Notre Dame’s move from the Big East to the ACC will impact where and who the Irish recruit in upcoming years, according to men’s basketball coach Mike Brey.
“It’s like taking a new coaching job almost,” said Brey Wednesday night following “An Evening with Notre Dame Basketball” in Purcell Pavilion.
“It’s energizing. I like going back through Tobacco Road. It’s familiar territory for me.”
The Washington D.C. area product and former Duke assistant coach is in the process of changing some things about the way the Notre Dame basketball program functions, both in terms of geographics and style of play.
Neither will change dramatically, but adjustments are a natural byproduct of playing in new parts of the country and recruiting players to adapt to the differences between Big East basketball and ACC basketball.
“Two things I’m intrigued about,” Brey said. “One is a footprint we’d like to get into the Carolinas and Georgia. Since we’re down there, let’s look down there a little more.
“The other thing I’m interested in is during my 13 years, we’ve battled the Big Ten (for recruits) so much. Kids grow up with those Big Ten blinders. Garrick Sherman and Scott Martin, we couldn’t beat the Big Ten. But now that we have the ACC to sell, I’m wondering if kids that are so Big Ten brainwashed go, ‘Wait a minute. Notre Dame, an hour-and-a-half, two hours from home, but they’re playing in the ACC? I’m thinking differently.’”
Brey won’t veer from the tried and true stomping grounds that have been the lifeblood of the Notre Dame program. From Washington D.C. to Boston and all points in between. Indiana - which produced three of the four incoming recruits -- the Chicago area, Ohio and Michigan.
But with regular stops at places like North Carolina, Duke, North Carolina State, Wake Forest, Clemson and Georgia Tech, Notre Dame’s recruiting horizons have expanded.

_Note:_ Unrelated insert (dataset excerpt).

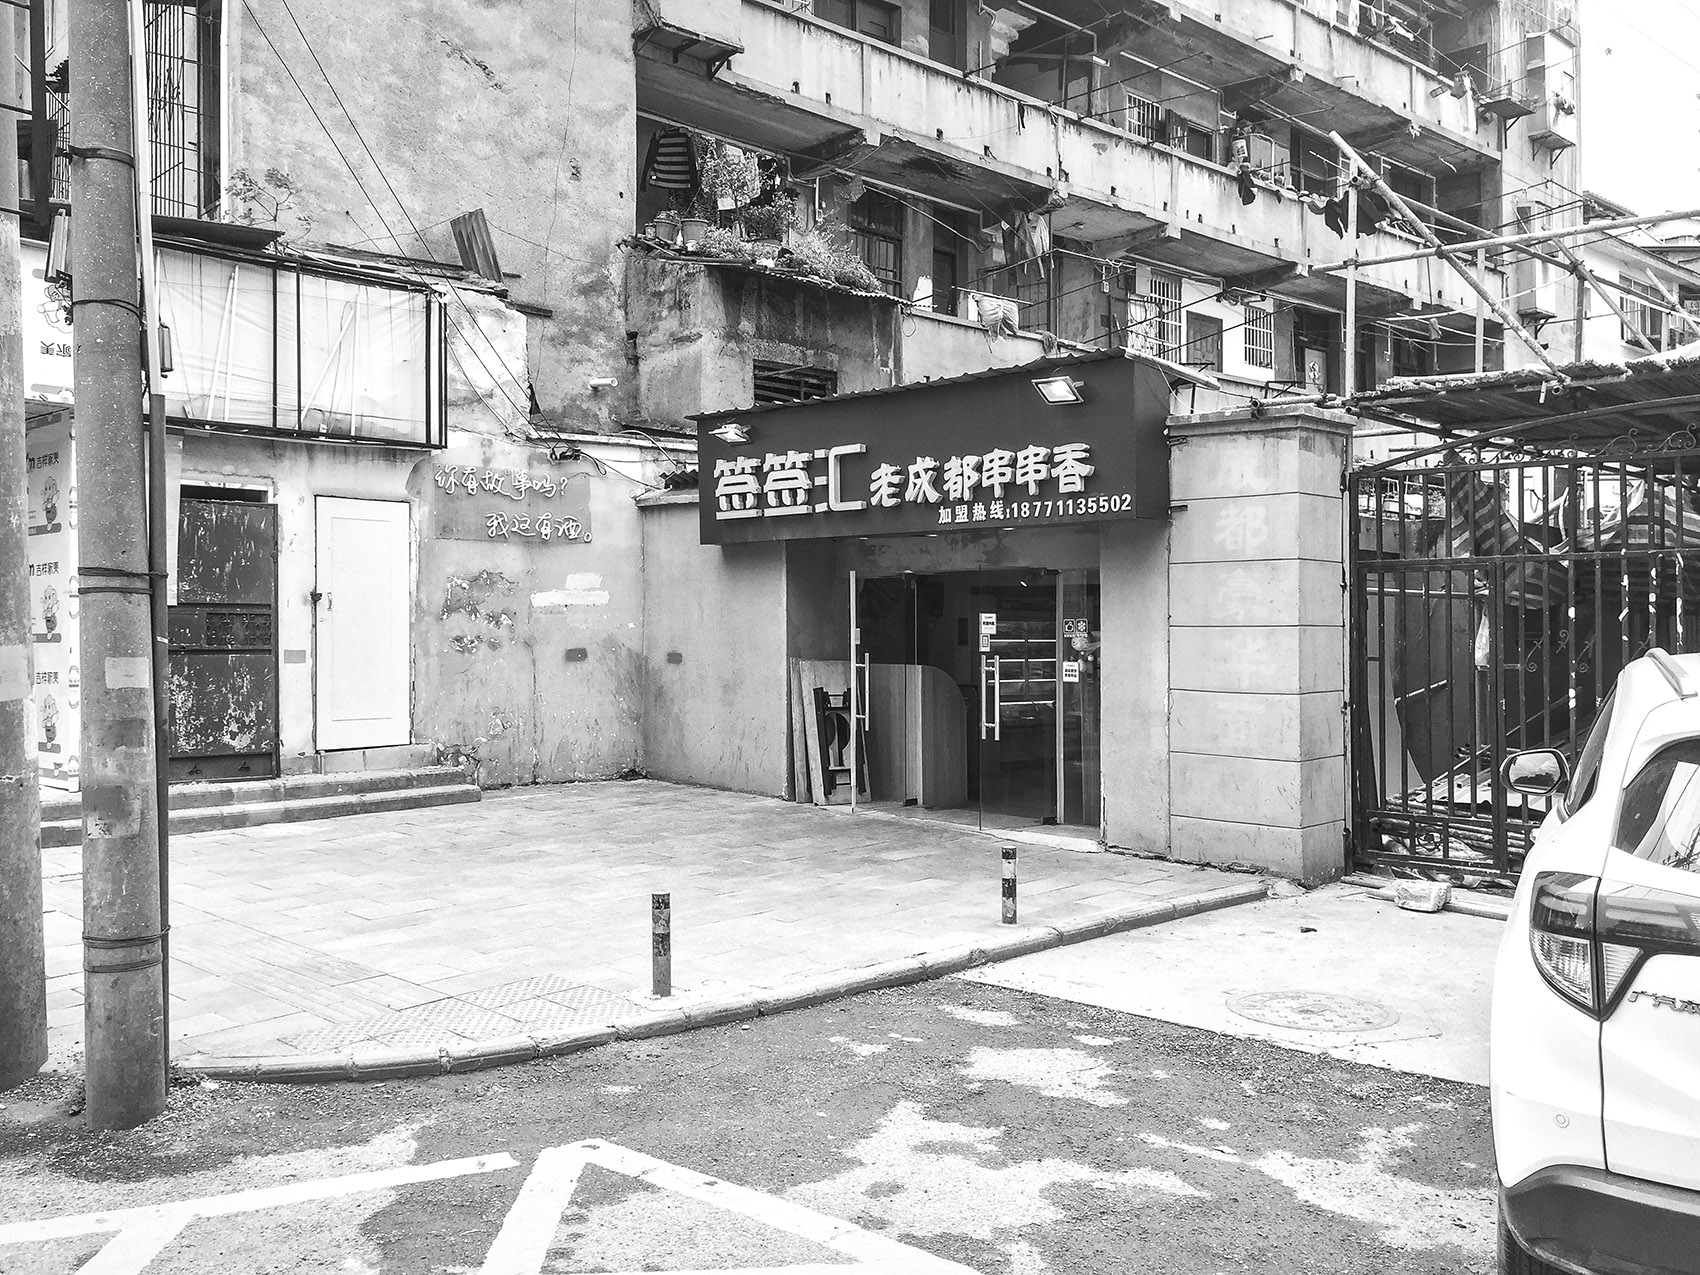 即兴占道，武汉/粮道街串串店门头改造实验-60

The Irish also may have to adapt their style of play as well. In the Big East, basketball games often resemble wrestling matches in the paint. The ACC not only employs a different style of play, but a different brand of athlete.
“We’ll always want high basketball IQ and skill guys,” Brey said. “(But the ACC) is more of a skilled league than a brute-force league. I don’t know if that’s good or bad for us. But we were a tough match-up being a skilled group in the Big East enough nights to get a bid.”
One of the things that separated the Irish from some of their Big East brethren in recent years was a four-man who could step out and hit the long-range shot. Tim Abromaitis and Scott Martin helped lead the Irish to second, third and fifth place finishes in the conference, thanks in part to the ability to make big men defend away from the basket.
Notre Dame loses first-team all-Big East selection Jack Cooley, but returns fifth-year seniors Tom Knight and Garrick Sherman while hoping to expand the game of sophomore-to-be Zach Auguste. While there will be an adjustment period for the ACC teams to Notre Dame, the Irish must adapt as well.
“We have three big guys we like and we play big,” Brey said. “Do we have to play more zone? Can Zach or Tom move their feet on a Ryan Kelly-type guy?
“We’re also able to play smaller because we’ll have more guards and a really good one coming that will play,” added Brey, referring to incoming point guard Demetrius Jackson. “Can Pat Connaughton be our second big guy sometimes?
“Those are all things we have to be prepared for and work on this summer getting ready for the Atlantic Coast Conference. We don’t have the Big East cache that we developed. Maybe that’s a good thing because it keeps everybody on edge and motivated.”